About the Collection


"A brief noisy movement which still reverberates" is how the New York Times (12 June 2008) described Punk, a movement which was much more than music or clothes; it supported and promoted various social political causes -- the environment, women's rights, opposition to racism.

The Collection holds approximately 1200 posters (800 are digitized), 100 CDs/LPs/45s, several periodicals, some pictures, various pieces of ephemera and a genealogy of the Vancouver Punk bands. This Collection will provide an opportunity for further research.

Introduction to the Collection by Ken Lester, Former DOA Manager

It was way back in another millennium, a long time ago in Vancouver, Canada, when the failure to procure an adequate cell phone was not a major social crime. There was no mySpace, no one had ever heard of Facebook, and the whole idea of SecondLife was a weak Science Fiction plot.

In those days, in Vancouver, everything was done analog, in your face, by actual messed up humans, using the streets, their bodies, art and loud music as public protests and political advertisements. Talk minus Action equalled Zero.

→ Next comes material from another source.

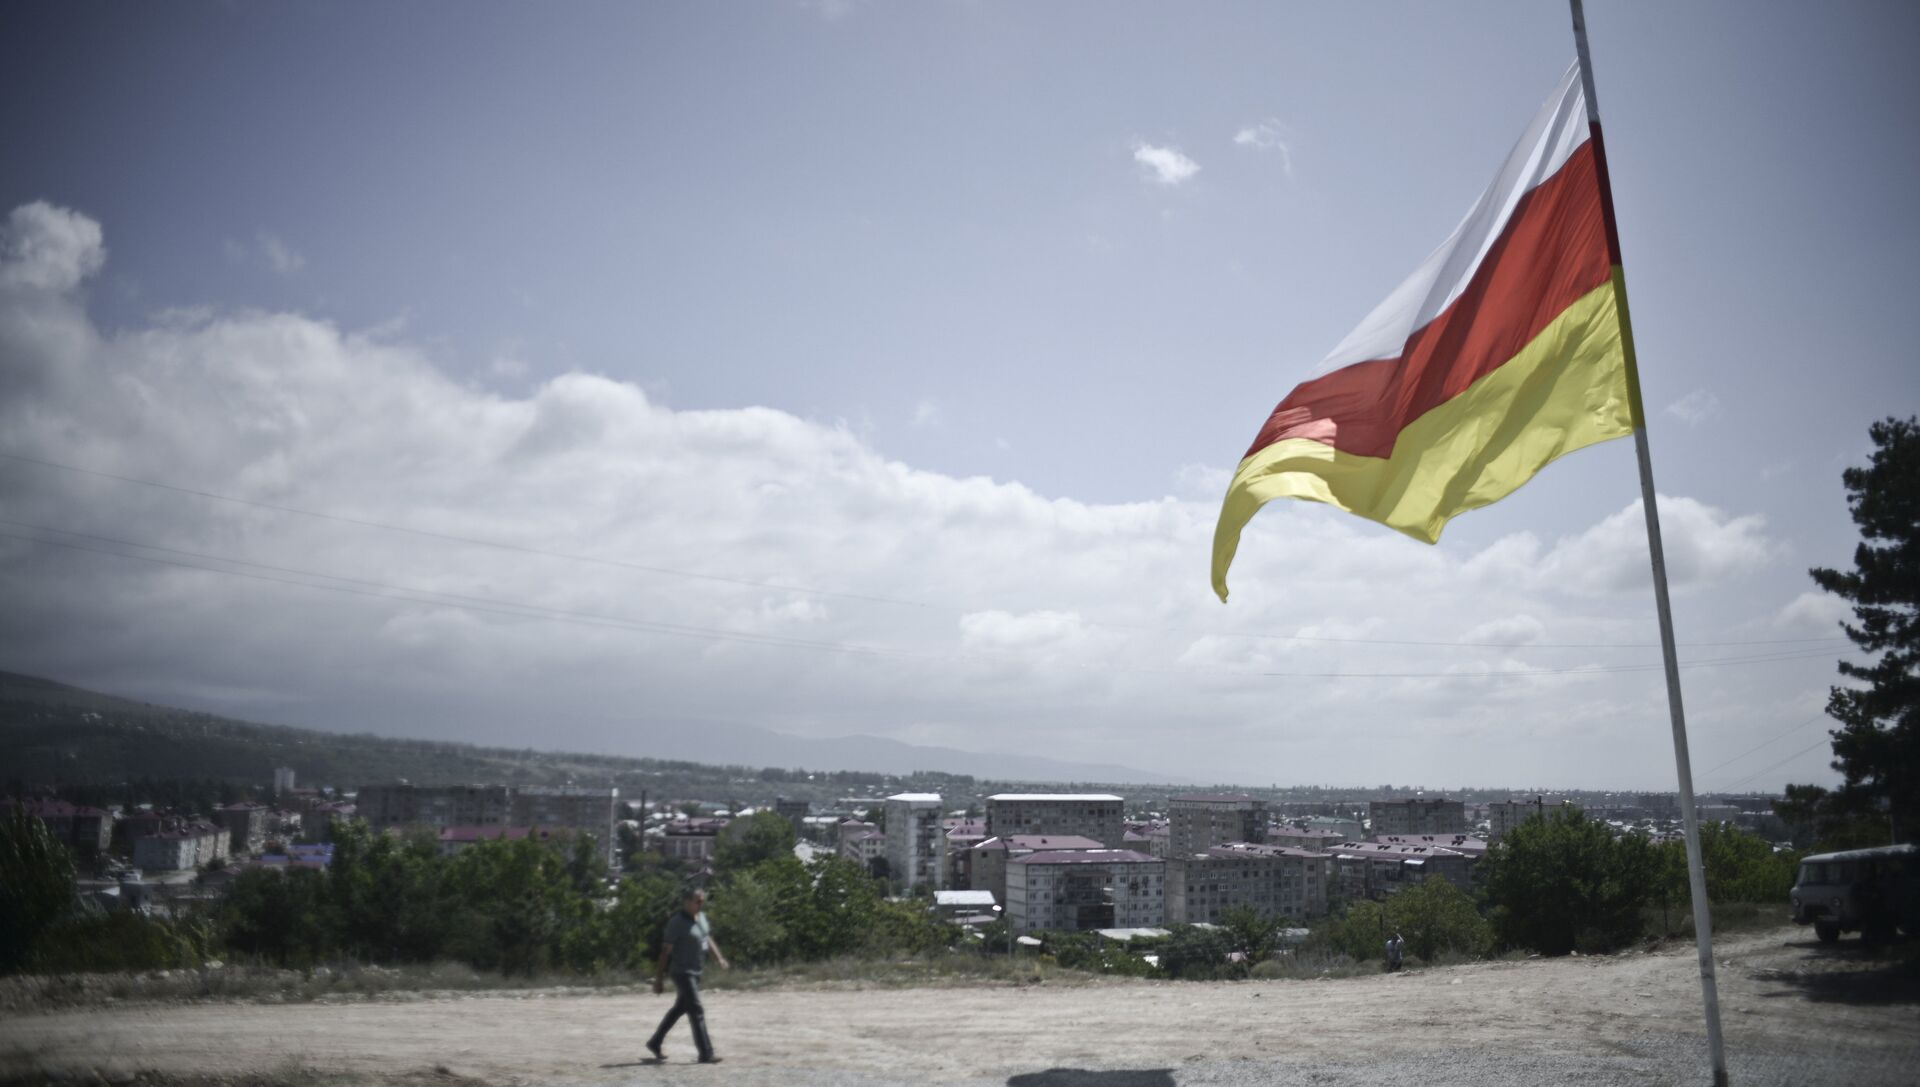 Приспущенный флаг у входа на территорию российского батальона Смешанных сил по поддержанию мира в Южной Осетии - РИА Новости, 1920, 22.10.2020

The 300 posters, artefacts and ephemera uploaded here represent a small portion of a feral, underground, frequently outlaw, grassroots creative outburst that began over 30 years ago; the flotsam and jetsam of an explosive ongoing episode.

Each item in this collection is a time frame of a specific event and the wild personalities that created it – young people confronting a world spinning out of kilter, going nowhere fast. The issues in play and pressing then are all worse today. In this, the pieces of Vancouver’s cultural heritage gathered here seem less like nostalgia and more like prophecy.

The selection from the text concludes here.